Durch die in Deutschland beschlossenen Asylrechtsverschärfungen und die Dublin-Richtlinien der EU werde Griechenland zusätzlich unter Druck gesetzt, habe aber nicht die Möglichkeiten, die katastrophale humanitäre Situation der Geflüchteten insbesondere auf den Inseln zu verbessern, betonte Attac. So habe etwa die Zahl der Abschiebungen von Asylsuchenden aus der Bundesrepublik in die Länder, in denen sie registriert wurden, massiv zugenommen.

Attac hat ein Mitglied der griechischen "Wahrheitskommission für die Staatsverschuldung" für eine "Speakerstour" eingeladen. Vom 14. bis 19. Februar wird Thanos Contargyris von Attac Hellas in Hamburg, Berlin, Frankfurt, Mainz und Leipzig über die Situation in Griechenland und ihre Ursachen informieren.

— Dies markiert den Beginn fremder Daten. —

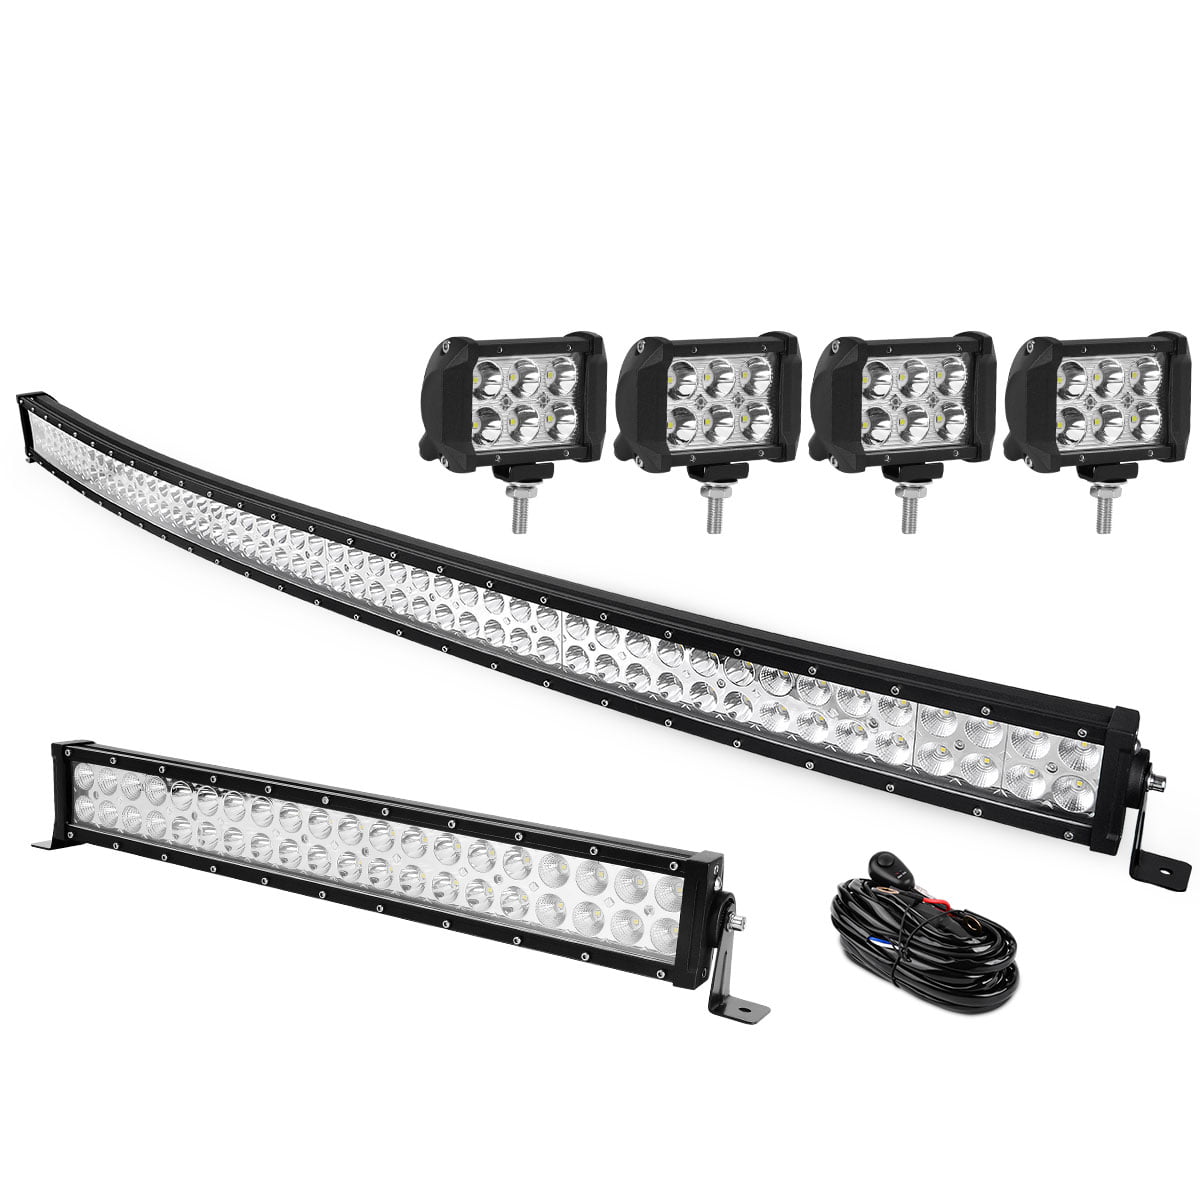 Curved 52 inch LED Light Bar 900W 9D Combo Offroad SUV Tractor ATV Driving 52"

Mit der Wahrheitskommission kam das griechische Parlament 2015 einer Verpflichtung durch die EU nach, die öffentlichen Finanzen des Landes umfassend zu prüfen und die Bilanz der Bevölkerung vorzulegen. Die international besetzte Kommission präsentierte im Juni ihren ersten Bericht, der nun auch in deutscher Sprache vorliegt. Das Ergebnis: Ein großer Teil der Schulden Griechenlands sei als illegitim oder illegal zu werten.